Massachusetts acaba de cambiar una de las leyes sobre aborto más amplias de Estados Unidos.
La gobernadora Maura Healey firmó el 10 de agosto una norma que elimina las restricciones legales específicas que condicionaban los abortos a partir de las 24 semanas de embarazo. La nueva redacción establece que, después de ese momento, un aborto puede realizarse según el juicio profesional del médico. La ley entrará en vigor 90 días después de su firma.

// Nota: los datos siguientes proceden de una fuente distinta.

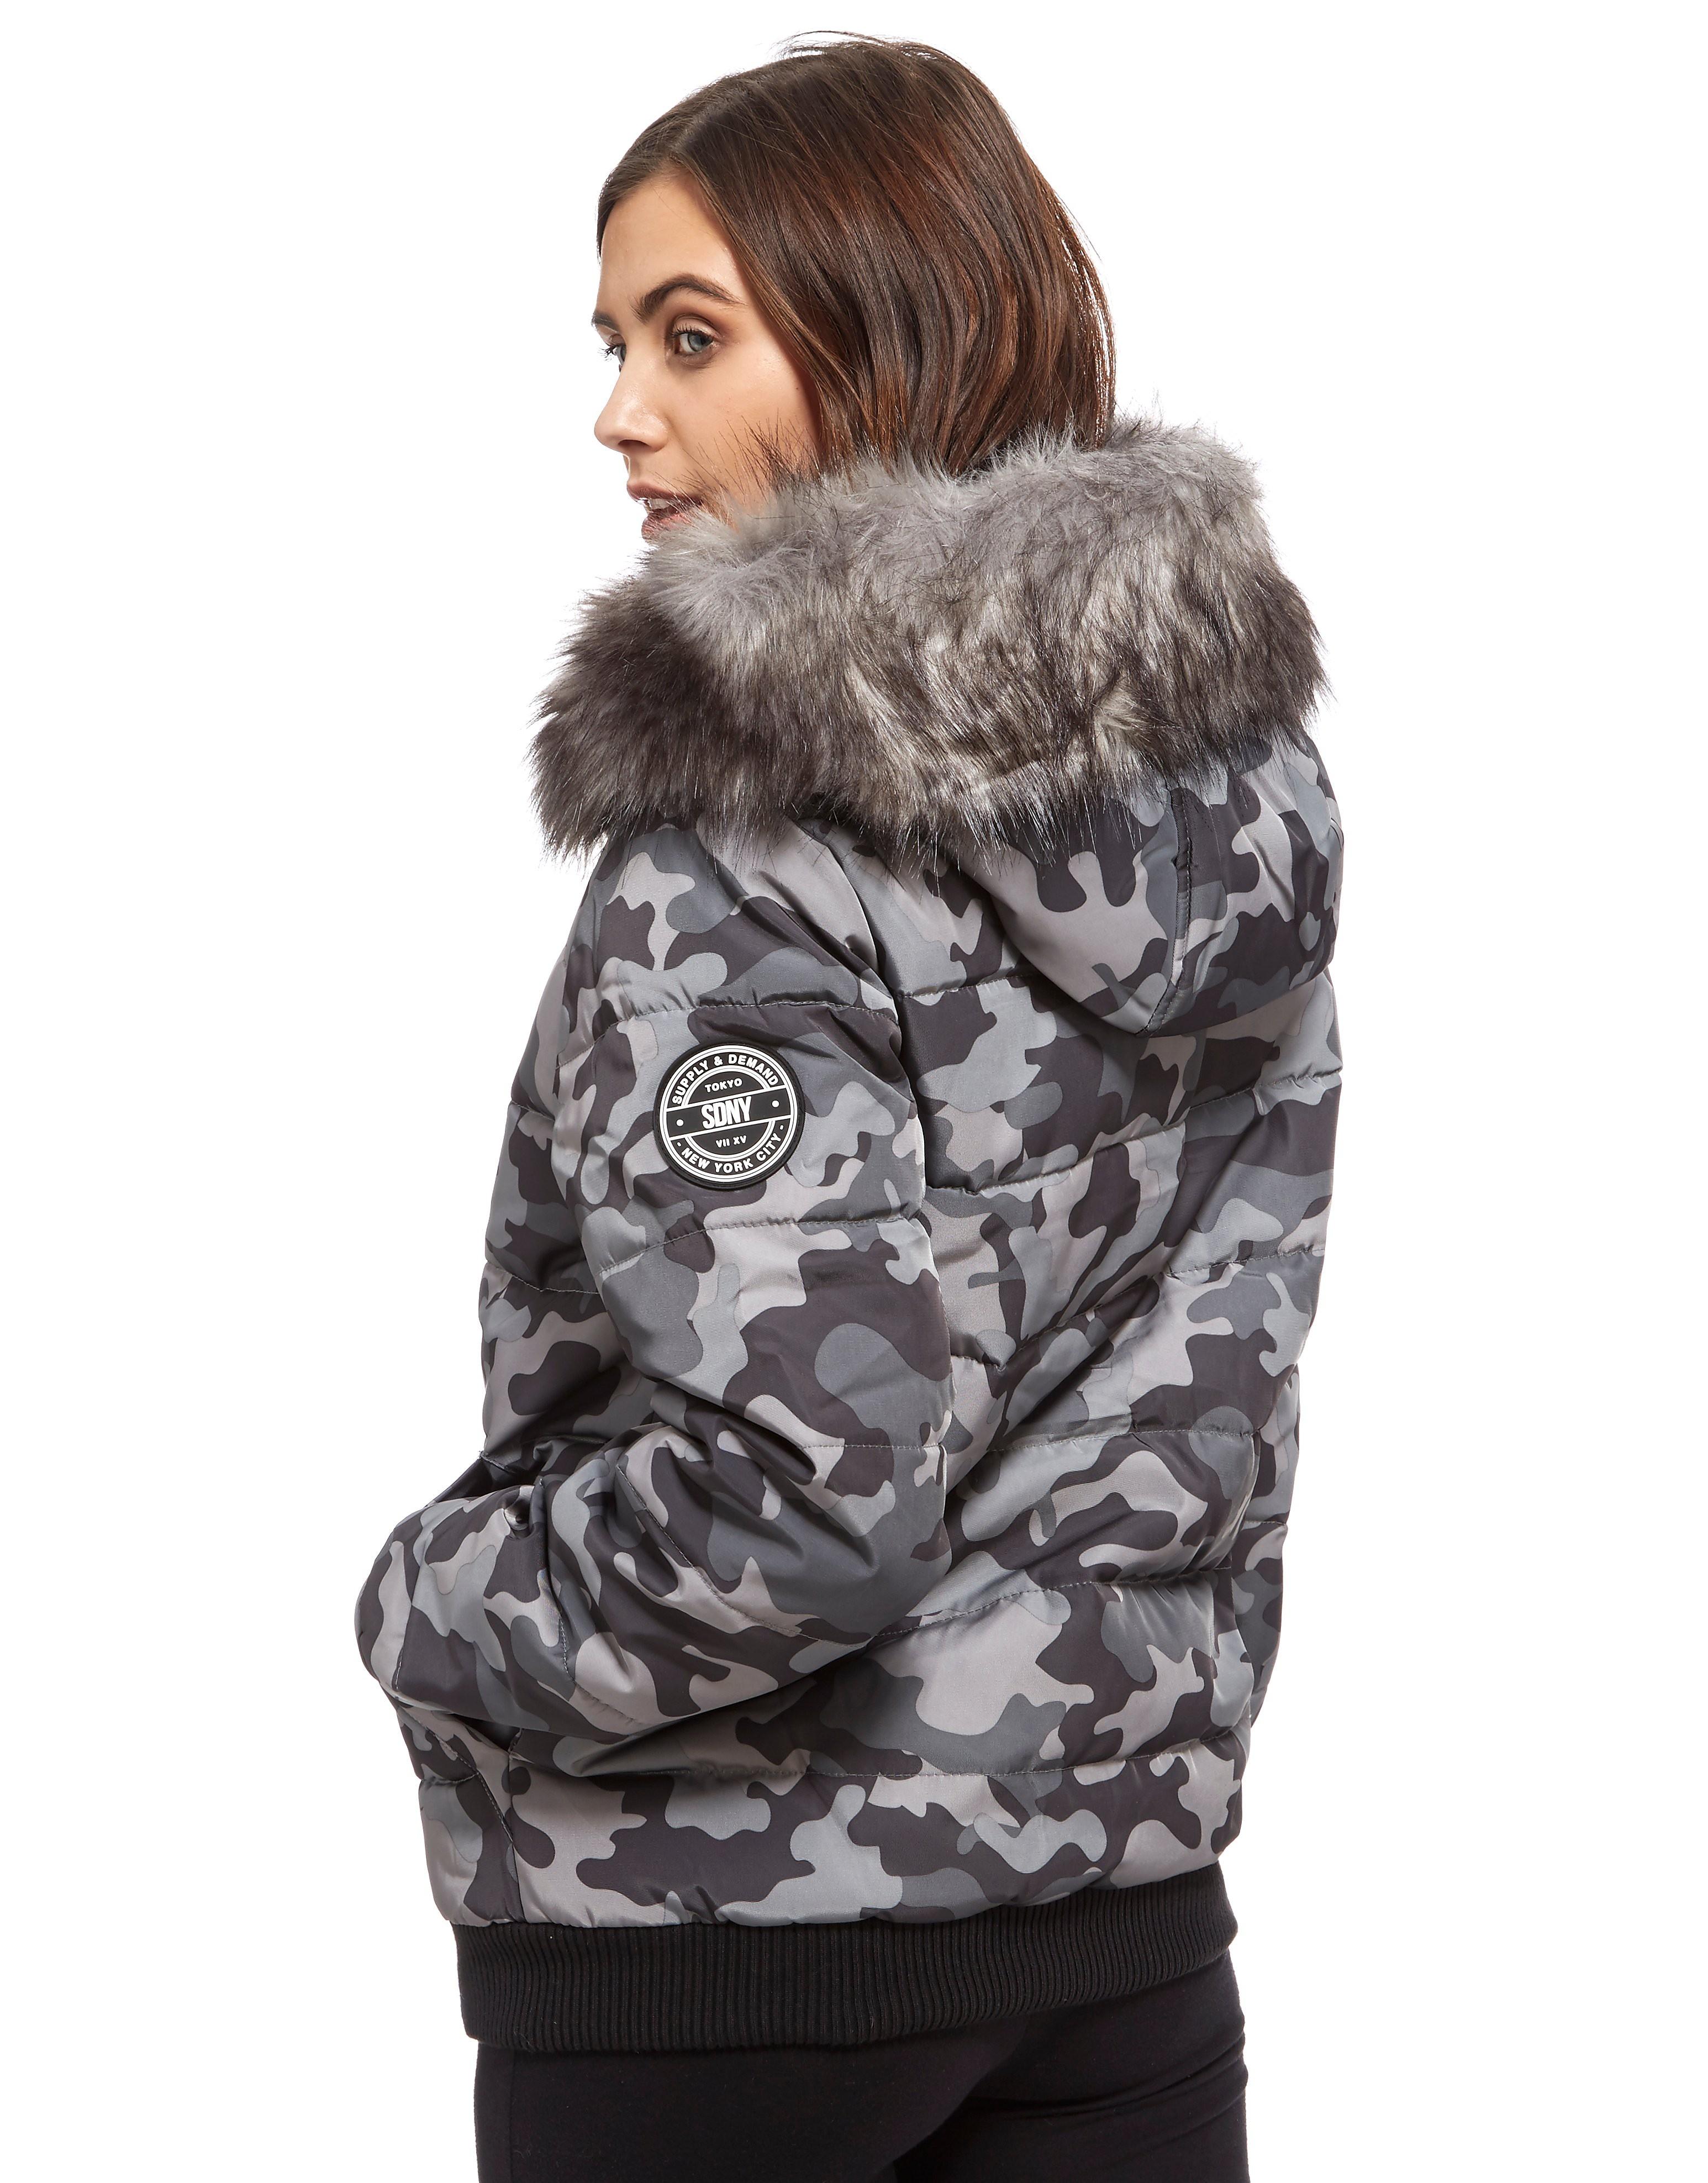 Supply & Demand Camo Puffa Jacket
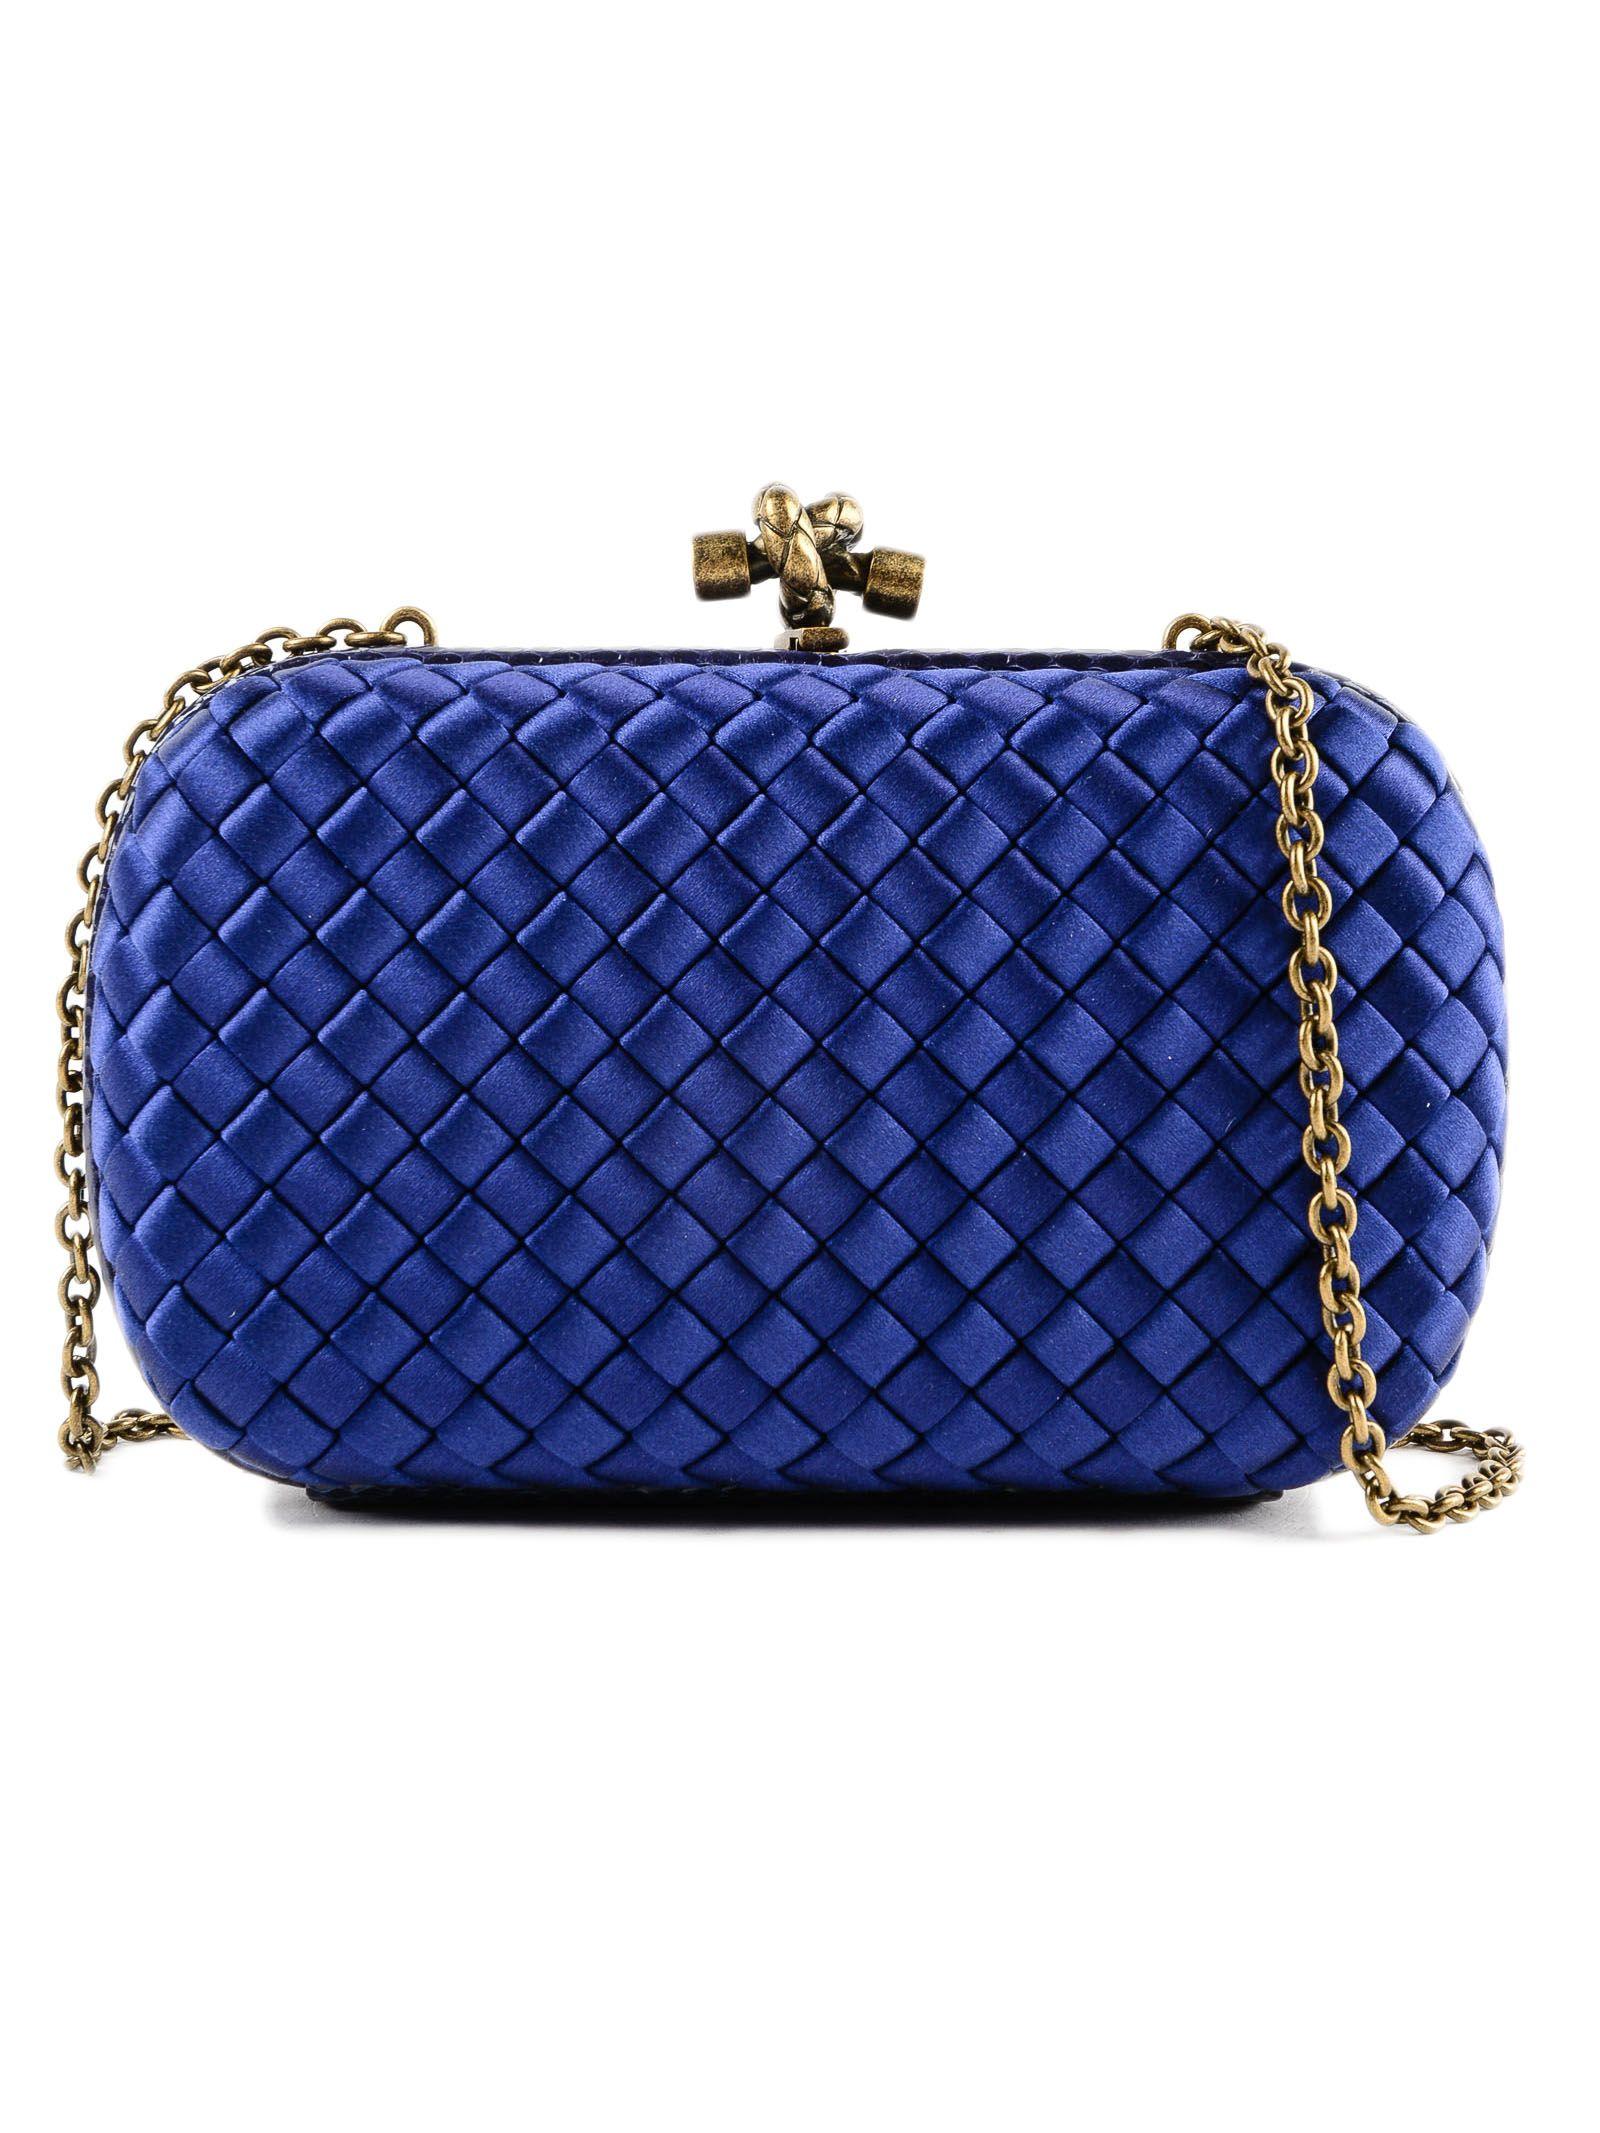 43255568fda3 Bottega Veneta Chain Knot Evening Shoulder Bag In Atlantic

Hasta ahora, después de las 24 semanas debían cumplirse categorías determinadas: peligro para la vida o la salud física o mental de la paciente, anomalía fetal letal, diagnóstico fetal grave o escasas posibilidades de supervivencia fuera del útero. Esas categorías desaparecen como requisitos legales cerrados.
Por eso el límite legal desaparece, pero conviene evitar una simplificación muy extendida: la norma no establece que cualquier persona pueda exigir automáticamente un aborto “hasta el momento del parto”. Traslada la decisión al criterio profesional del médico y al consentimiento de la paciente.
Sus defensores sostienen que la medicina necesita margen porque algunos diagnósticos devastadores aparecen tarde y la ley anterior obligó a pacientes a viajar fuera del Estado incluso ante embarazos con pronósticos extremadamente graves. Grandes sistemas hospitalarios de Massachusetts respaldaron la reforma.
Sus detractores consideran que los límites también protegen la vida fetal y advierten que la nueva formulación concede demasiado margen para abortos en fases muy avanzadas del embarazo.
Los casos tardíos son además minoritarios: datos citados durante el debate muestran 99 abortos de 24 semanas o más en Massachusetts durante 2024.
El debate enfrenta principios profundos: autonomía corporal, criterio médico, protección fetal y límites del Estado.
Pero una cosa ya ha cambiado.
La decisión sale del listado legislativo rígido y pasa a la consulta médica.
Y Massachusetts acaba de decidir que, en los casos más complejos, la ley debe dejar más espacio al médico y a la paciente.